In Chapter 7, we discuss descriptive methods. At their most basic, descriptive methods may involve measuring a single variable. Thus, the key is to accurately measure your variable(s) using a good sample. Some methods, such as giving a psychological test to a large random sample of participants, make it relatively easy to accurately measure your variable(s) in a good sample. Archival methods may be good for getting large samples and for avoiding subject bias (participants faking their responses), but may use measures that don't quite fit the construct you want to measure. Observation may provide data about what most individuals actually do-- if observers can be objective and if you can observe a large enough sample. The tradeoffs among these methods are summarized in Table 7.1 (p. 244).

Regardless of the method used, researchers usually want to do more than measure a single variable. They want to see the relationships between variables. Because they often use correlation coefficients to see how variables are related, descriptive methods are also called correlational methods.

Correlational methods allow you to find out that there is a relationship, but they don't tell you why the relationship exists. That is, they don't tell you which variable is influencing which (the chicken and the egg problem)--or whether both variables are side effects of another variable. After looking at Figure 7-1 (page 227), you will know why correlational methods don't allow you to make cause-effect conclusions-- and you will know why the following cartoon (from XKCD.com) is funny.

As the name suggests, the results of correlational studies can often be summarized using correlation coefficients.
If both variables are interval, you can use the Pearson *r* (If one or
both variables are not interval, see Box 7.3, p. 257).
Positive correlations mean that if a participant scores high on one variable, the participant will tend to score high on the other variable.
Negative correlations, on the other hand, mean that if a participant scores high on one variable,
the participant will tend to score low on the other variable.
(To visualize this, see Figure 7.6, page 254.)

Some relationships are stronger than others. That is, in some cases, knowing a person's score on one variable (their height as a 21-year-old) is a very good predictor of their score on another variable (their height as a 22-year-old). In other cases, a relationship may be relatively weak (SAT scores and college grade-point average). In those cases, knowing one variable doesn't allow you to predict the other one very well. As you would expect, you can tell from the correlation coefficient whether the relationship is strong or weak. However, you can't tell by looking at the sign of the correlation coefficient! The sign of the correlation coefficient has nothing to do with its strength. A -.6 correlation is just as strong as a +.6; a -.7 correlation is stronger than a +.6. Instead, you look at the strength of the relationship by seeing how far the correlation coefficient is from zero--the farther, the stronger. Alternatively, you could square the correlation coefficient to get the coefficient of determination. The bigger the coefficient of determination, the stronger the relationship. Thus, you could say that a

-.5 correlation was stronger than a +.4 correlation because squaring -5 gives you a coefficient of determination of .25 (-.5 X -.5), which is bigger than .16, what you would get from squaring +4 (because .4 X.4 = .16).
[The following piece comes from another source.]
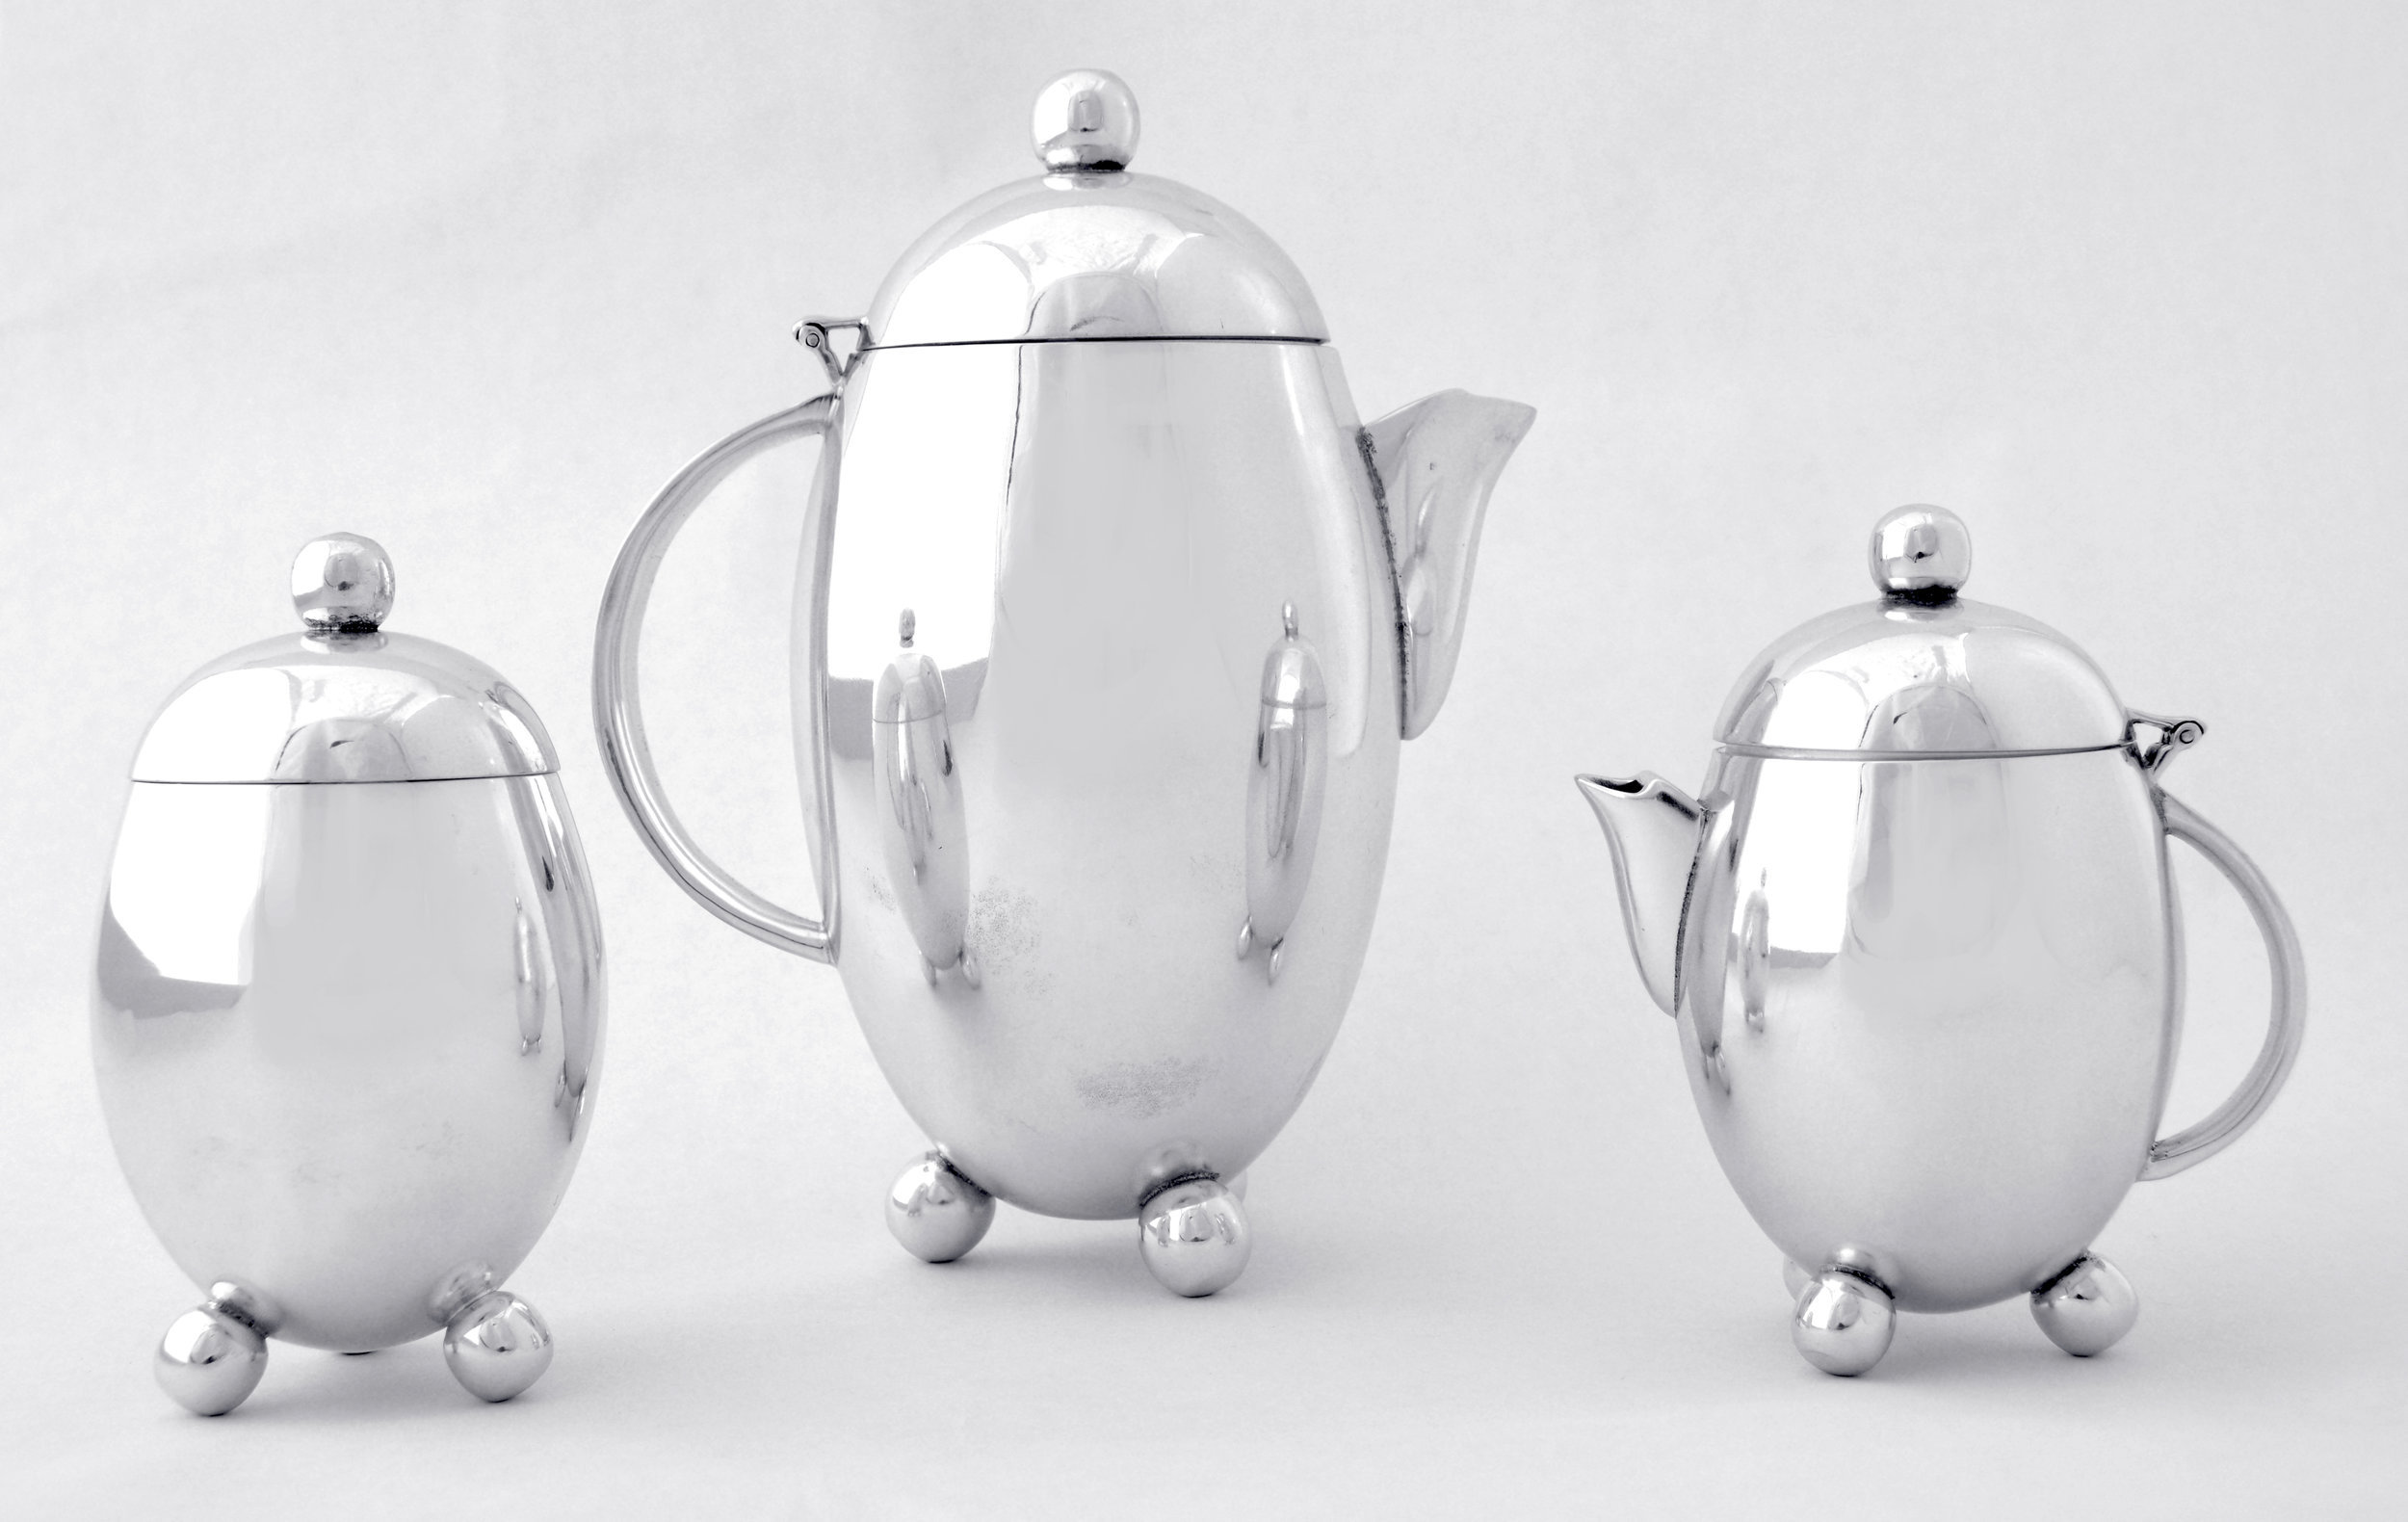 Elephant Approved™ Silver Tea Set

If you find a correlation between two variables in your random sample, does that mean the two variables are really related? No, because it could just be due to random error. For example, if you had taken a different sample, you might have found no relationship or even the opposite relationship.

To find out whether the correlation you found in your sample means that there is a relationship in the population,
you need to do a significance test. You can do a *t *test (if you divide your participants into two groups),
an *F * test, or a test to see if the correlation is statistically different from zero.
If you only have two groups (men and women), then all three tests will give you essentially the same results
(see for yourself by looking at Box 7.4, p. 269).
However, using the* t * test or* F *test can sometimes lead to two problems.

First, some people think that because they saw *t *tests being used with data from experiments
to help show that a treatment caused an effect,
whenever a *t *test is used, one can make cause-effect conclusions.
What they are overlooking is that they were able to make cause-effect statements on data analyzed by
a *t* test only because those data were
the results of an **experiment**.

Second, what do you do if you don't have two groups? For example, suppose you have a bunch of individuals who all scored differently
on an introversion-extroversion test. You could arbitrarily categorize half of them as introverts and the other half as extroverts,
and then do a *t *test. Note, however, that you have (as far as the *t *test analysis is concerned) thrown away each
participant's individual score and just lumped him or her into a group of participants who have somewhat similar scores.
The cost of throwing away so much information about each individual's score
is that you lose power. By comparing your two "groups" with a *t *test rather
than testing to see if the correlation was significantly different from zero, you may fail to find a significant relationship.

Unfortunately, improper analyses are not the only reason you may obtain null results. You may fail because you didn't have enough
participants, because you had an insensitive measure, because your test was looking for a linear relationship but the actual
relationship was *not *linear, and because of **restriction of range:**
you couldn't see whether your variables varied together because at least
one of the variables didn't vary much.